Reputation: 21
I have about 50 CSV files that need to be imported into R, and then I want to set a header row which is the first two rows of data in each file. As an example:
DATE FIRST LAST ID
(M/D/Y) NAME NAME
The data starts in Row 3. I can import all the files as their own unique dataframe which
temp = list.files(pattern="*.csv")
list2env(
lapply(setNames(temp, make.names(gsub("*.csv$", "", temp))),
read.csv), envir = .GlobalEnv)
But how can I change that code to combine the first two rows as a header
Upvotes: 0
Views: 1031
Reputation: 145775
I'd recommend reading in the first two rows, making the column names you want, and then read in the rest, skipping the first 2 rows. Here's an example for one file, found at filepath x
:
cnames = read.csv(x, nrow = 2)
cnames = sapply(cnames, paste, collapse = "")
data = read.csv(x, skip = 2, col.names = cnames)
I'd also strongly encourage you to leave your results in a nice, easy-to-use list
, rather than creating about 50 data frames in your environment. My reasoning for this recommendation is detailed here.
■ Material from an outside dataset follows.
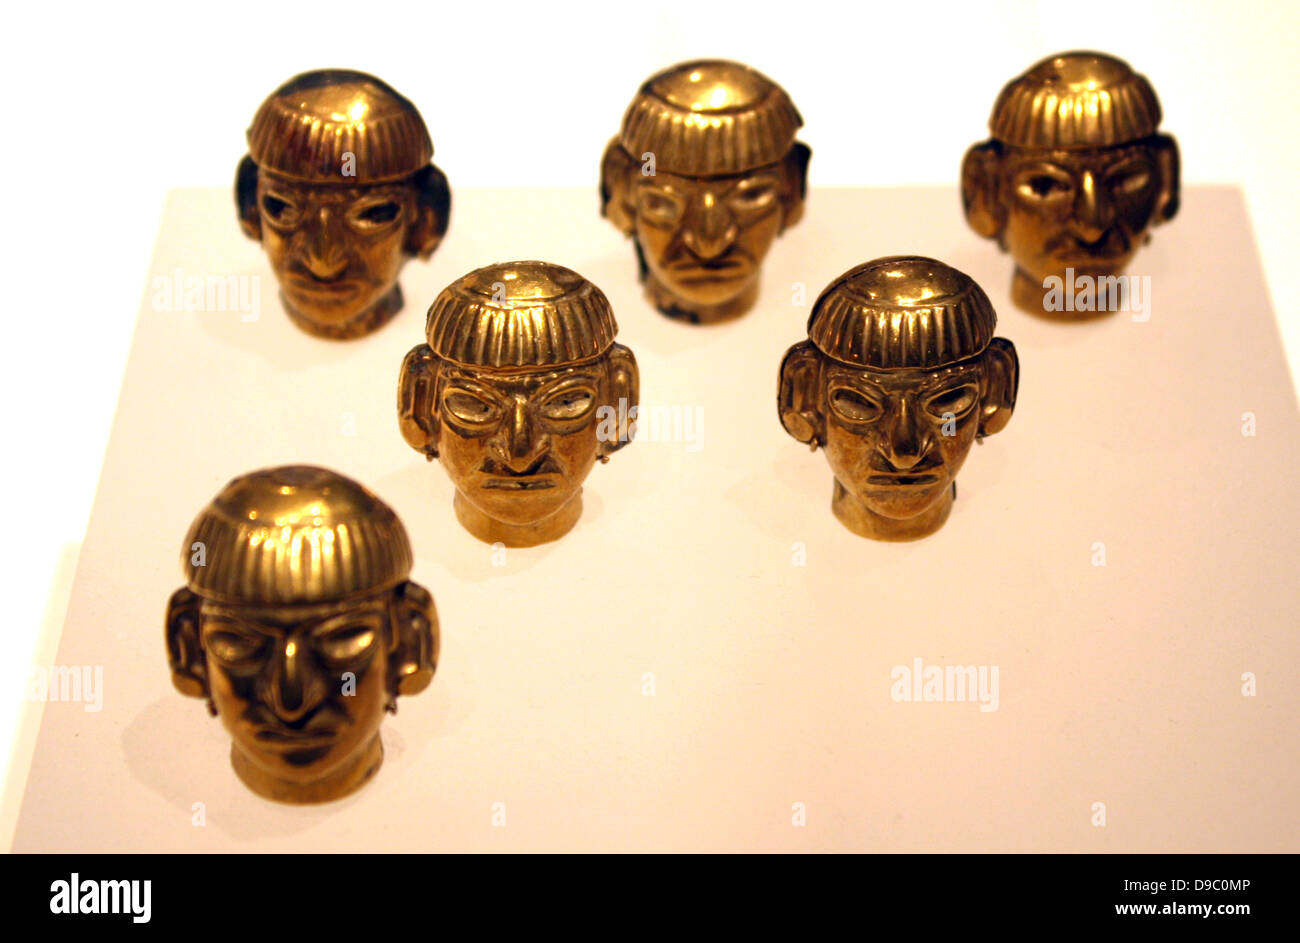 Head-Form Halskette Perlen. Peru Moche. 3. bis 7. Jahrhundert. Hammered Gold. Die Herrscher der Moche Königreiche trug Halsketten, dass Gold Perlen wie diese, die in Flächen umgearbeitet wurden, bestand. Stockfoto

That could look like this:
temp = list.files(pattern="*.csv")
data_list = list()
for(i in seq_along(temp)) {
cnames = read.csv(x, nrow = 2)
cnames = sapply(cnames, paste, collapse = "")
data_list[[i]] = read.csv(x, skip = 2, col.names = cnames)
}
names(data_list) = sub(".csv", "", basename(temp), fixed = TRUE)
# Then if you want to combine them all
complete_data = dplyr::bind_rows(data_list, .id = "source_file")
Upvotes: 1